Do you like proving people wrong?

“No. I have an aptitude for risk. If you have a background in financial markets you develop that; controlled risk. Risk and return are both sides of the coin in the financial business. It applies in life the same way.

“If you don’t push yourself and go out and try to do something a little different you are not going to push the boundaries of what you can do. It has been an enormous privilege to be in the position to be able to be involved first as an owner, then a jockey and latterly as a trainer to the degree that I am. I never had a grand plan mapped out that said I was going to do X, Y and Z; It just evolved at various stages of my life.

“I missed the buzz when I retired from riding which put the seed of the idea of training in my head.”

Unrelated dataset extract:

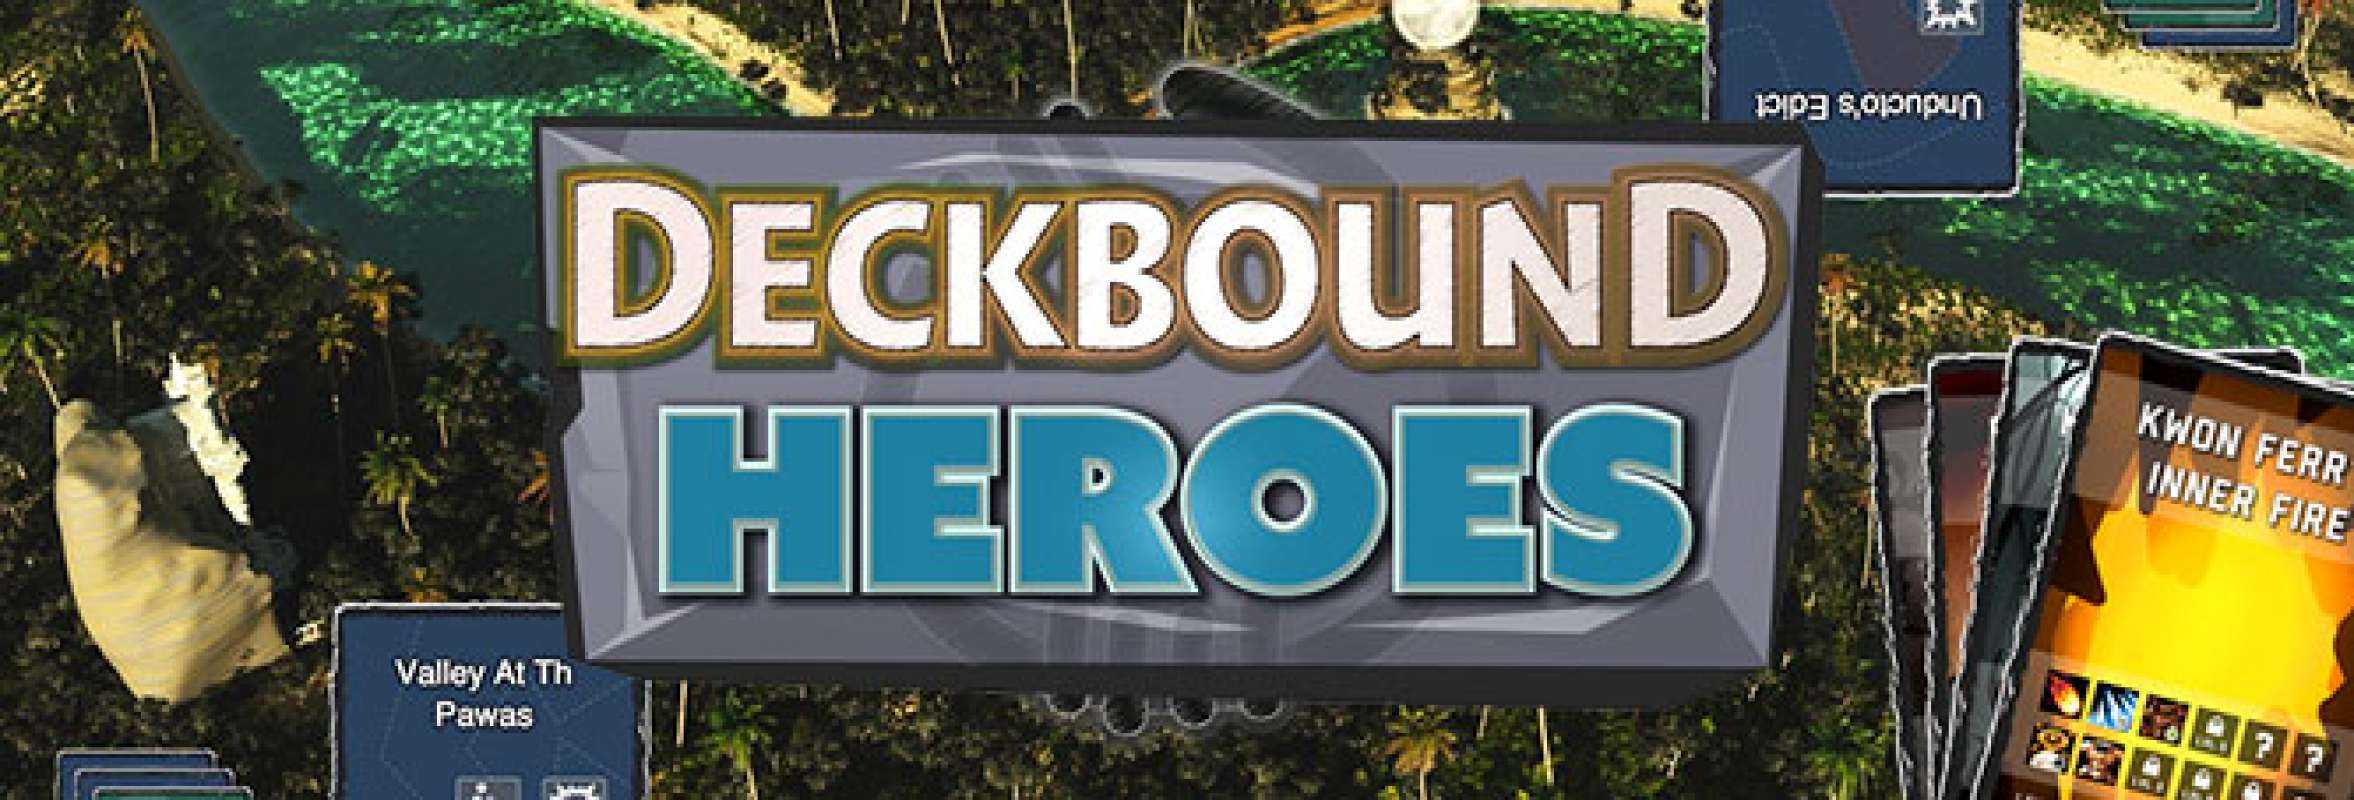 Deckbound Heroes

Do people consider you unorthodox?

“No, I wouldn’t use that word either! I would say I am fairly driven. My business life has allowed me to get a lot more involved in my passion which is racing. It has been a process and one thing has led to another. If I do something I want to do it really well and to the best of my ability. There are no half measures.

“I am really proud of the training entity. We have about 25 horses, mostly mine but one or two friends and family. We have amassed a fantastic team of people.

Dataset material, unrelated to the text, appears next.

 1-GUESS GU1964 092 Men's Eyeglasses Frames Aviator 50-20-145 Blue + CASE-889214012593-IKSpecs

“I don’t want to get too big. We have a boutique operation and are able to give one on one attention to all our horses. We give them the time we need. That is something that sets us apart from a lot of other bigger trainers. We are not a big factory unit.

“We tend to buy horses from the store sales as three year olds. A lot of them won’t run for maybe three years. They are big units and they all develop at different rates. I have seen over the years careers of horses which have been compromised by them being rushed and getting them to run too early. National Hunt horses don’t develop until six or seven. You need to develop their core fitness.

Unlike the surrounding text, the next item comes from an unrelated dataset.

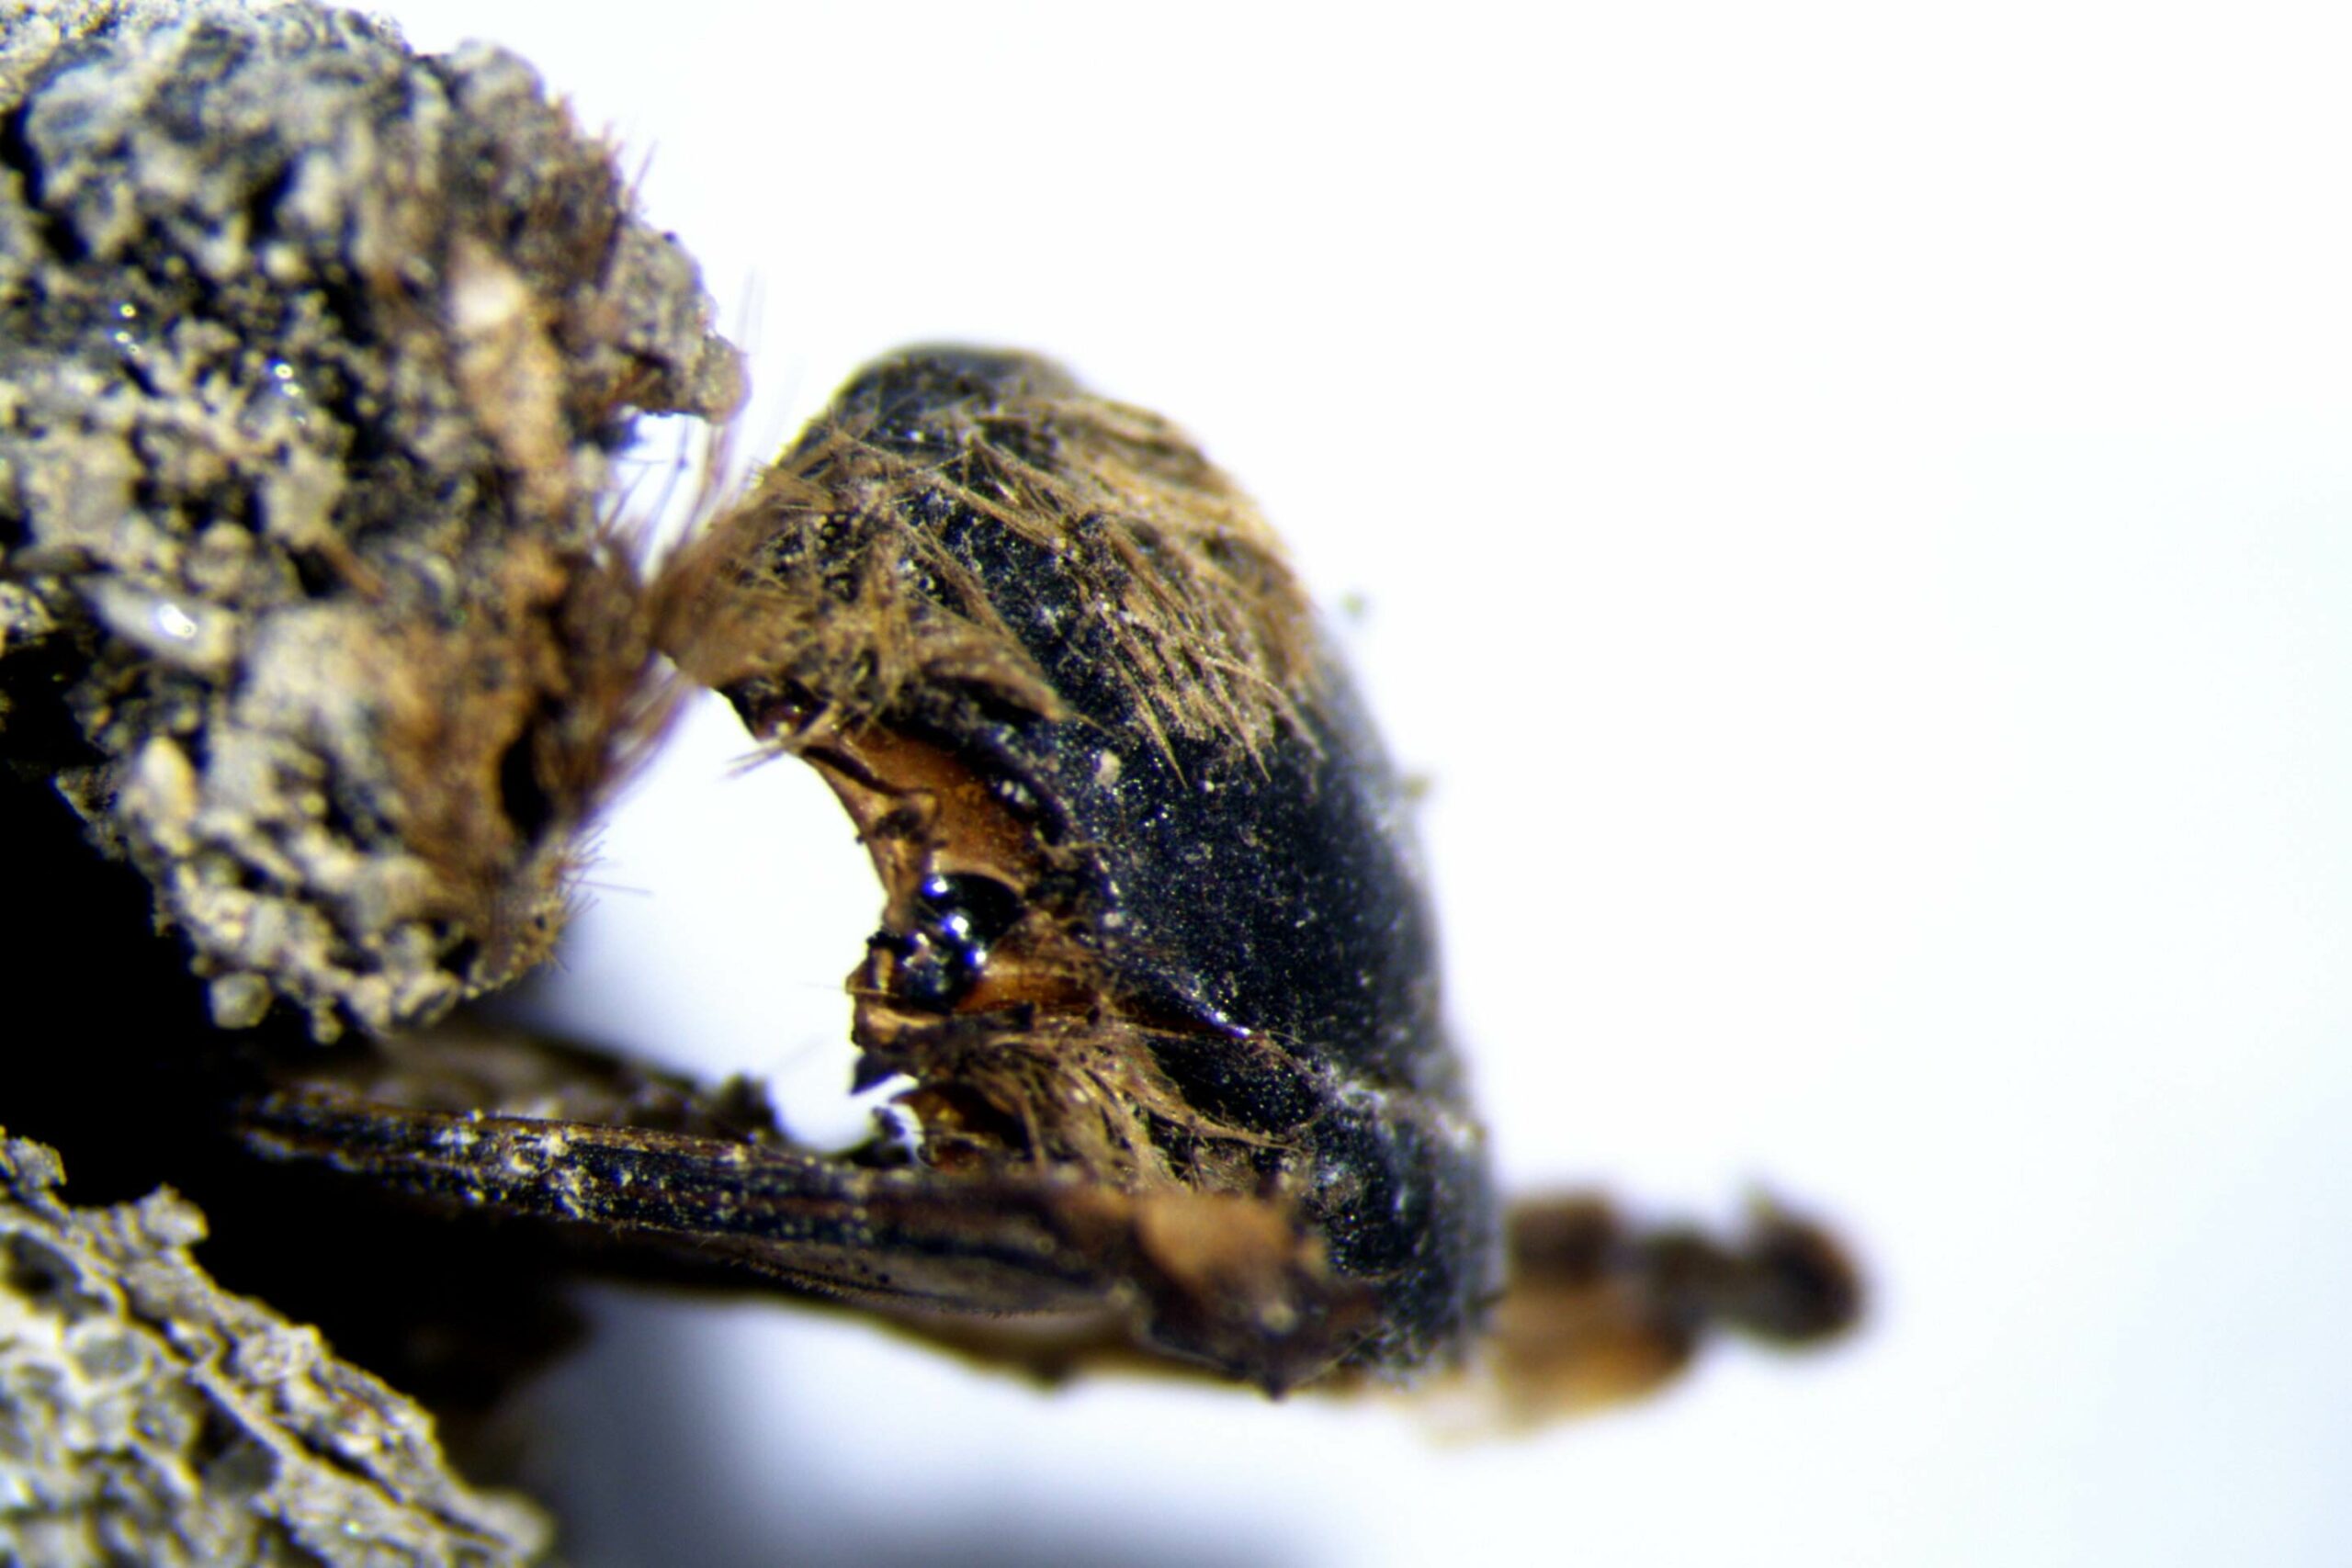 Atusan tawon mumi ing jero kepompong wis ditemokake ing pesisir kidul-kulon Portugal, ing situs paleontologi anyar ing pesisir Odemira.

“We are very focussed on the horses as individuals. When they are five or six and we think they’re ready to rock and roll we head off with them on their careers.

“We have very experienced riders who know when we can go forward with the horse or when we need to take a break with them. They can tell if a horse isn’t quite right and we get the vets in and what you can end up finding is that the horse has a little hairline fracture of his pelvis or something that is relatively minor once it is picked up early. But if we hadn’t got that quality of riders and if we were just in too much of a hurry to get on with things, that horse would continue to ride out and within three weeks you could have a catastrophic injury on your hands.

“We haven’t got the resources where we are able to bring in a new batch of horses every year. So we are trying to make careers for these horses where they can have longevity. That is one of the upsides of largely training for myself. We are going to give horses the time they need.”

Celebrity owners doing well like Grame McDowell the golfer is a good story for racing isn’t it?

“Yes, anything to raise the profile. James Nesbitt the actor was involved in Riverside Theatre with Nicky Henderson. It is a hook for terrestrial television.

“We have had a few of the rugby guys involved in horses here like Ronan O’Gara who had a few.”